You have to have a Middle Eastern policy, with the limitations that I have described. I mean, the consensus, second, the inefficiency of the tools you have so far. Europe has, of course, a very huge soft power in the region, but this soft power needs also money and needs power projection tools and these are lacking. Europe is still in quest of a proper, not only diplomacy, in terms of substance, but in quest of a diplomacy in terms of tool. I mean, we still – I mean, I could challenge some people here, even, who are specialists, to name me the European top Diplomat. I mean, sometimes I tend to forget it, or a European military action that is also submitted to several parameters and constraints and – etc.

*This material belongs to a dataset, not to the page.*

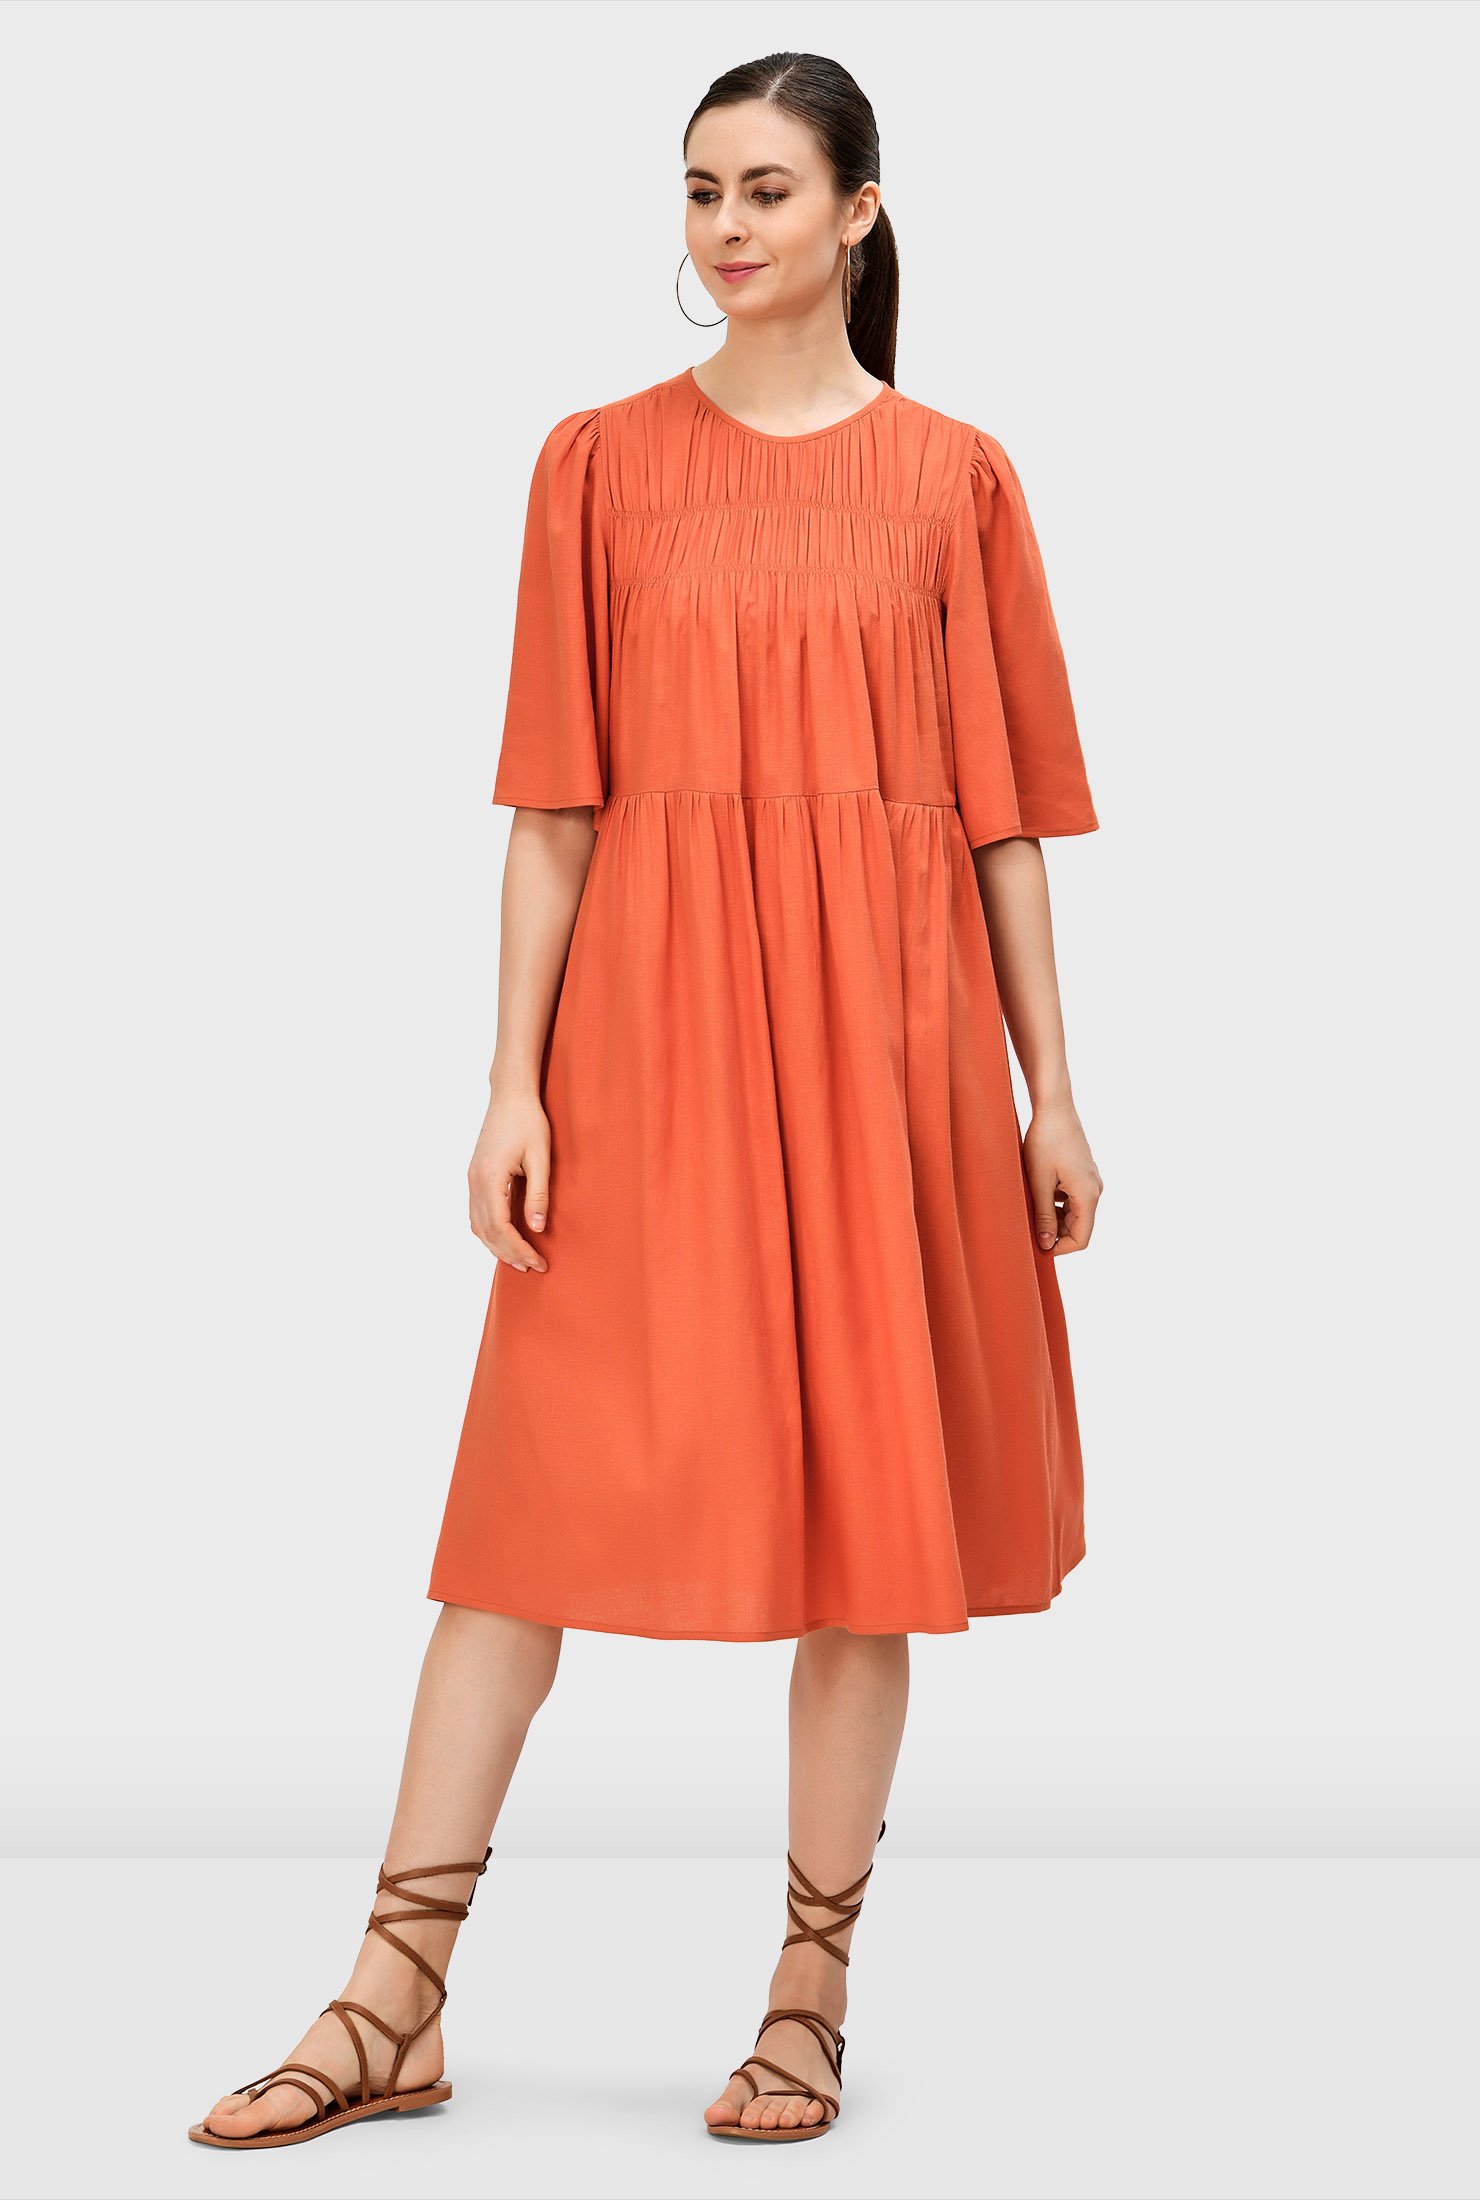 Summertime, and the linen's easy! Our flared swing style linen modal shift dress is shirred at the elasticated front yoke and at the full skirt, a definition of effortless style.

So, all this to say that Europe is in this very strange and difficult situation where it has no choice but to be a Mediterranean and Middle Eastern power, but of all other powers, it has probably the means that are the most insufficient to do that and it has, now, the challenge to construct it. Once again, it will not be able to construct it if the US does not clearly, and this is why I always advocate a strategic European-American dialogue on the Mediterranean and on the Middle East, just to divide, probably, the work and the tasks and the burden, and then to have a strategic dialogue with the rising powers, not only globally, like China and Russia, but also with the rising – the new rising powers in the region and in the Mediterranean, like Turkey and Iran. If this is not done, I think that Europe will go on turning in a, kind of, vicious circle, or in a circle that is ultimately and unavoidably sterile.
Hürcan Aslı Aksoy
Thank you, Joseph. So, considering the time we have left, it’s just 25 minutes, so now I will start – you know, I will open up the floor for audience questions, and I have here approximately nine questions, but some of them have been actually answered, but the first one I see here, from Hillary Briffa. Would you like to ask your own question, or shall I read out, Hillary?
Hillary Briffa
Sure, I can ask it. Thank you, everybody. My name’s Hillary. I’m a Lecturer in Defence Studies at King’s College, London. And I’ve been interested in your remarks, which focus a lot about hard power projection, but I wonder if there is also a role for Europe, especially Mediterranean neutral countries, to play more of a soft brokering role? And here I’m thinking of Malta mediating in the Libya crisis and serving as the UN rapporteur on Israel and Palestine. So, can you Europe do more of this mediating and sort of brokering role in the region? Thank you.
Hürcan Aslı Aksoy
Joseph, maybe very shortly, since we have…
Dr Joseph Bahout
Yes, it will be…
Hürcan Aslı Aksoy
…a very short…
Dr Joseph Bahout
It will be very short, because I think I’ve probably answered most of this question during the, I mean, dur – in what I said. Yes, of course, but I mean, the question of neutrality is something to be, I mean, questioned, or the issue of neutrality or the concept of neutrality. I don’t know exactly what you have in mind, I mean, the person who has put the question has in mind. What are the countries that could play that role? Probably the Scandinavian countries. They have tried to play it in the countries like Syria, or elsewhere, with very few results, with very few successes, and as Nader said, it’s mainly a humanitarian role, but not a brokerage role for a political solution. But again, this has to do with European diplomacy, as such, as a whole. If not, we are talking about nation states’ diplomacies, which is not, at all, the same thing.
Hürcan Aslı Aksoy
Thank you, Joseph. So, my next question will be to, you know, just take the tension from Europe, back to China, and there is one audience, Umar Abdullah, would you like to raise your own question, Umar?
Umar Abdullah
No, that’s fine, you can read the question out, thank you.
Hürcan Aslı Aksoy
Alright, it’s directed to Jie. So, “I believe China’s economic influence in the Middle East and, by extension, the West, can and will affect the balance of power and diplomacy. Is this an underlying sentiment held by all members of the panel?” Okay, it goes to all of the – but I’m particularly interested in hearing from Mr Ranj Alaadin, but I will first give you the word, Jie, then I will turn to Ranj. Thank you.
Dr Ju Jie
Thank you, Aslı. To answer quite quickly, I mean, yes, we seems to assume that China seems to have that enormous finance resources, want to spend all of the world and buy influence. But actually, what we have forgotten is, largely, that China’s diplomacy and China’s foreign policy actually derive itself from domestic economic driver. So, anything whatever China does, or China has done so far, it is based on its domestic economic population. I mean, I said very clear in earlier, this cou – China’s global ambition is very soft centred. It calculate very carefully where to go in order to secure its material interest, where to go, be able to secure its sea line and where to go in order to secure its exon – economic prosperity. So, all this taking into account and that’s why China is a, very much a latecomer in the Middle East region. I mean, Beijing, the only issue is, first, a white paper on Middle Eastern policy from 2016. I mean, how late is that? It’s only in the matter of last five years.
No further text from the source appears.